Die etablierten Medien seien die "Lügenpresse" - ein wiederkehrender Vorwurf, dem sich Journalisten stellen müssen. Zum Lügen gehört mitunter auch Weglassen, was unter dem Kampfbegriff "Lückenpresse" kritisiert wird. In der Politik arbeiten vor allem rechtspopulistische Kräfte mit dem Vorwurf, über ein Thema sei nicht berichtet worden.
Auch den Nachrichten des Deutschlanfunks wird wie vielen anderen Medienhäusern oder öffentlich-rechtlichen Rundfunkanstalten vorgeworfen, Dinge zu verschweigen. Der Mann, der im Düsseldorfer Hauptbahnhof am 11. März mehrere Menschen mit einer Axt verletzte, war Gegenstand der Nachrichtensendungen - trotzdem gab es in sozialen Netzwerken den Vorwurf einer bewussten Nicht-Berichterstattung.
Komplizierte Suche vereinfacht
Wurde über ein Thema wirklich nicht berichtet? Der Freie Journalist Marc Krüger (36) und der Internetentwickler Rolf-Thomas Langer (39) haben zur Überprüfung das Tool "Claim Checker" ins Leben gerufen, das seit dem vergangenen Wochenende online ist.

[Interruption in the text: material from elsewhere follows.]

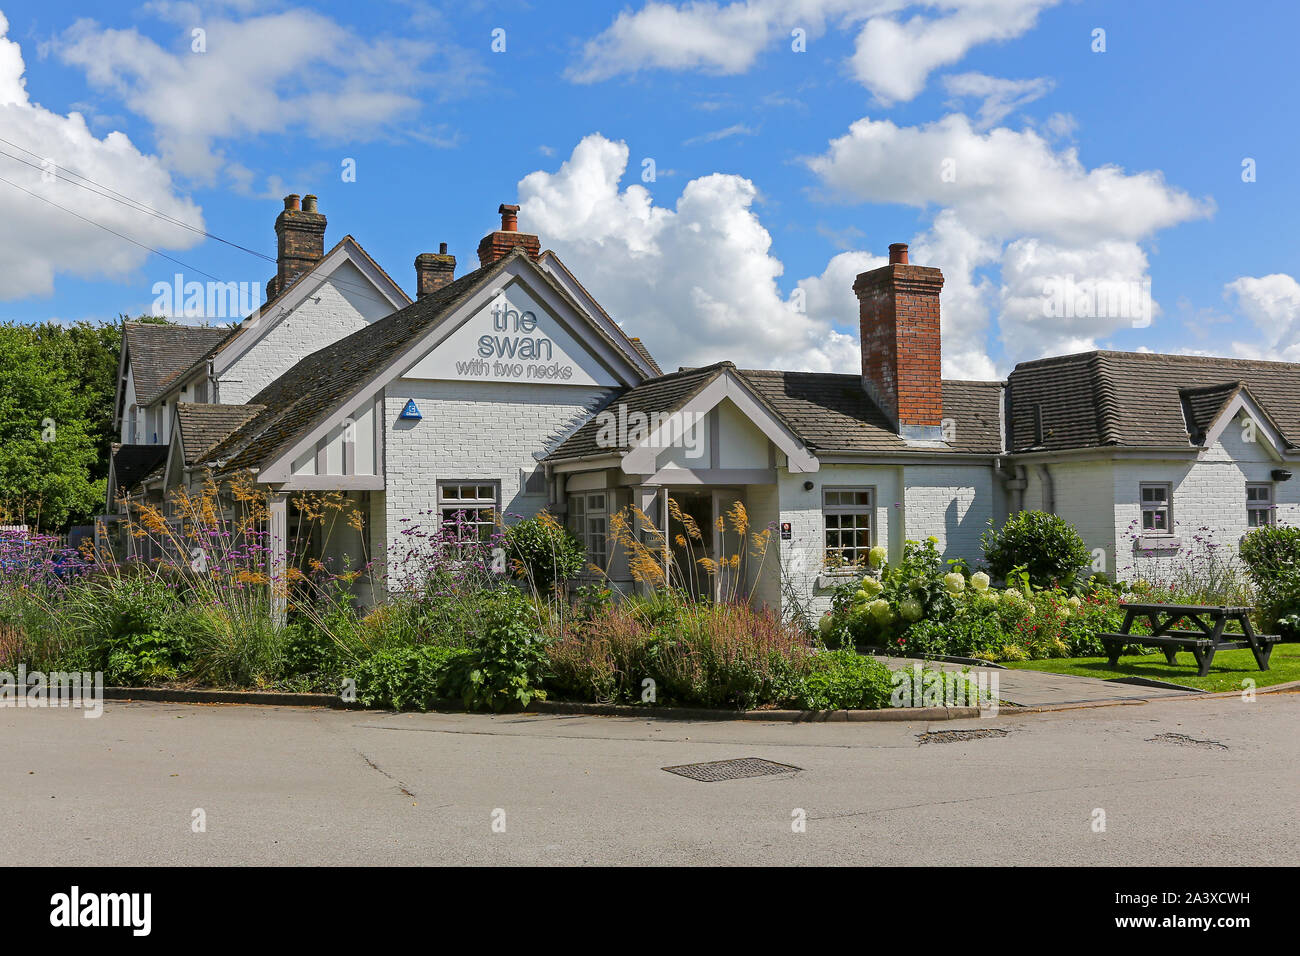 Il Cigno con due colli pub o public house, Blackbrook, Newcastle under Lyme, Staffordshire, England, Regno Unito Foto Stock

"Selbst finden schlägt gesagt bekommen", sagte Krüger DLF24 über das Portal. Er wolle es den Menschen leichter machen, zu prüfen, ob etwas wirklich nicht berichtet wurde. "Wenn beispielsweise Frauke Petry darüber spricht, dass die Medien etwas weggelassen haben, kann ein User mit unserer Suche das überprüfen - bevor er eine Verschwörung wittert." Wer den "Claim Checker" benutzt, landet in der Suche von Google News. Diese wird auf bestimmte deutsche Medien eingegrenzt, sie liefert dann Ergebnisse von den Seiten der wichtigen überregionalen Tageszeitungen in Deutschland und von den öffentlich-rechtlichen Rundfunkanstalten.
Eine solche Suche ist für Nutzer bei Google allerdings kompliziert. Wer ausschließlich bei den genannten Medien prüfen möchte, ob über den Angriff mit der Axt in Düsseldorf berichtet wurde, müsste in der Suche nach beispielsweise "Axt Düsseldorf" bei Google News folgendes eingeben:
"axt AND düsseldorf AND (site:bild.de OR site:faz.net OR site:handelsblatt.com OR site:n-tv.de OR site:spiegel.de OR site:stern.de OR site:sueddeutsche.de OR site:taz.de OR site:welt.de OR site:zeit.de OR site:br.de OR site:deutschlandfunk.de OR site:deutschlandradiokultur.de OR site:dradiowissen.de OR site:heute.de OR site:hr-online.de OR site:mdr.de OR site:ndr.de OR site:radiobremen.de OR site:rbb-online.de OR site:sr.de OR site:swr.de OR site:swr3.de OR site:tagesschau.de OR site:wdr.de)"
Im Alltag ist das unrealistisch - und deshalb übernimmt der "Claim Checker" diese mühevolle Eingrenzung.
"Wer sehr skeptisch ist, den bekommen wir nicht"
Dass man damit nicht alle Nutzer gewinnen wird, weiß auch Krüger. "Wer sehr skeptisch ist, den bekommen wir nicht", sagt er. "Aber ich verspreche mir die kleine Chance auf einen Lerneffekt bei anderen Nutzern, die sich vielleicht in solchen Momenten dann denken: 'Guck doch erstmal.'" Der "Claim Checker" könne dabei helfen, Diskussionen zu versachlichen. Das Tool möchte er mit seinem Kollegen weiterentwickeln, denn es gebe noch Schwachstellen. "Manche Leute wissen wohl nicht, was sie eingeben sollen." Deshalb hätten sie bestimmte in diesem Kontext aktuelle Suchbegriffe über dem Suchfeld platziert - wie der nie stattgefundene Terroranschlag "Bowling Green Massacre", auf den sich eine Beraterin von US-Präsident Donald Trump bezogen hat.
Die Suche läuft laut Krüger auch im umgekehrten Sinn: Wenn große Medien nicht über etwas berichten, könne es auch ein Hinweis darauf sein, dass etwas tatsächlich nicht stattgefunden habe. Es kann sich aber auch um regionale Ereignisse handeln, die in lokalen Medien behandelt wurden. "Die Suchergebnisse sind deshalb nicht das komplette Angebot der durchsuchten Medien", sagt Krüger. "Sie sind für den schnellen Überblick gedacht."